Tom Lee, estratega de Wall Street y presidente de BitMine Immersion Technologies, espera doce meses alcistas para el mercado cripto. Su optimismo convive con una cartera de ether en números rojos: la firma acumula pérdidas latentes valoradas en 5.000 millones de dólares.
Lo dijo en una entrevista con Wealthion, donde defendió que lo peor del ciclo ya ha pasado. El dinero prestado desapareció, según su lectura, y el calendario que siguen muchos operadores para medir los ciclos del sector estaría cerca de tocar fondo.
Qué dice Tom Lee
El estratega de Fundstrat Global Advisors considera que los próximos 12 meses serán ‘realmente alcistas’ para las criptomonedas.

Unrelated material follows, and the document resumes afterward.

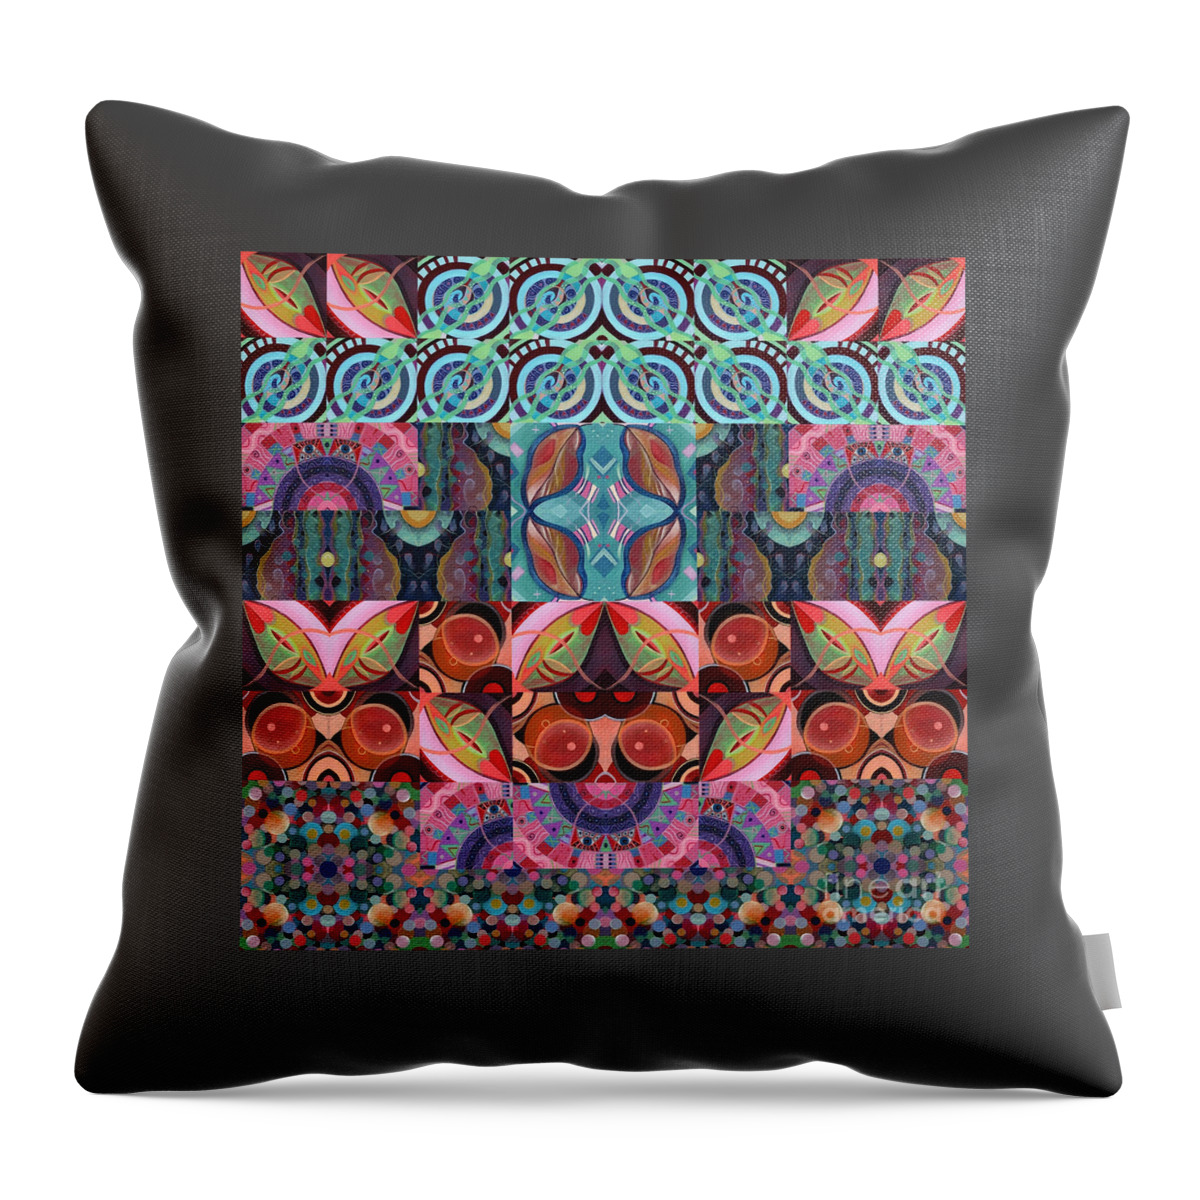 The Joy Of Design Mandala Series Puzzle 7 Arrangement 3 By Helena Tiainen Throw Pillow featuring the mixed media The Joy of Design Mandala Series Puzzle 7 Arrangement 3 by Helena Tiainen

Argumenta que el 10 de octubre del año pasado, la amenaza de aranceles del 100% a China provocó la mayor liquidación apalancada que ha visto el sector: más de 19.000 millones de dólares en posiciones financiadas con dinero prestado desaparecieron en un solo día.
Desde su punto de vista, ese episodio marcó el punto de salida del apalancamiento y preparó el terreno para una recuperación. Hoy, Bitcoin cotiza cerca de 77.315 dólares, casi un 39% por debajo del récord de 126.000 dólares que tocó días antes de aquella liquidación. Ethereum ha subido un 3,2% en 24 horas hasta rondar los 2.533 dólares.
Lee maneja un calendario de ciclos de cuatro años, un ritmo que muchos traders usan para intentar identificar los mínimos del mercado. Ese patrón suele vincularse al halving, la reducción a la mitad de las recompensas que reciben los mineros de Bitcoin cada cuatro años. Según su lectura, el fondo del ciclo cripto será el próximo mes. No lo formula como consejo de compra, sino como marco de referencia para un horizonte de 12 meses.
El optimismo de Lee vale tanto como su exposición: 5,93 millones de ether con minusvalías latentes.
La tesis de la tokenización y sus números
La idea central de Lee es la tokenización, es decir, trasladar acciones, bonos y fondos a blockchains en lugar de depender de los actuales sistemas bancarios. Es algo parecido a convertir el título de propiedad de una casa en un archivo digital que puede transferirse en minutos, no en días. Su cálculo: si se mueven 100 billones de dólares en activos y se conserva el 1% como ingreso, hablaríamos de 1,1 billones de dólares al año. Valorado como un negocio convencional, el resultado sería un premio de 20 billones de dólares.
El problema es que ese ejercicio supone que los activos realmente se mueven. Iggy Ioppe, director de inversiones de Theo, califica de ‘teatro de tokenización’ envolver un activo y dejarlo guardado sin actividad real. Los datos de BeInCrypto Research recogen 60.000 millones de dólares en blockchain hasta el 31 de mayo, el 56% sin una transferencia semanal.
Por eso, la cifra de 20 billones de dólares suena más a techo aspiracional que a valoración probable. Las comisiones reales que generan hoy las infraestructuras blockchain apenas alcanzan una fracción de ese mercado. Dicho de otro modo, hay una distancia notable entre el mercado potencial que describe Lee y la actividad que hoy reflejan las métricas. Cosas que pasan en 2026.
El contexto que Lee no anuncia
Nada de este análisis es neutral. BitMine, la empresa que preside Lee, posee 5,93 millones de ether, con minusvalías latentes de 5.000 millones de dólares, según informó BeInCrypto este mes. En agosto, Lee afirmó que el miedo podría empujar a Bitcoin hasta los 150.000 dólares.
Fundstrat ha recomendado una asignación del 2% en criptomonedas durante más de una década. Según Lee, en las cuentas de clientes que la adoptaron, el cripto ya representa más del 85% del portafolio. Esta cifra, aun sin verificar de forma independiente, explica por qué sus previsiones generan tanta expectación: no es un observador neutral.
La historia del sector está llena de predicciones fallidas. En 2022, el colapso de Terra y la quiebra de FTX demostraron que la confianza puede evaporarse en semanas, incluso con actores institucionales dentro. Ahora, la tokenización y la regulación son la promesa, pero la liquidez sigue concentrada en pocas manos.
La próxima prueba la pondrá Washington el martes, cuando se vote si la CLARITY Act entra en debate para dar a la CFTC el control del mercado cripto. Si la tokenización deja de ser una promesa y gana actividad real, las cuentas de Lee pueden salir. Si no, el teatro de la tokenización seguirá sin llenar butacas.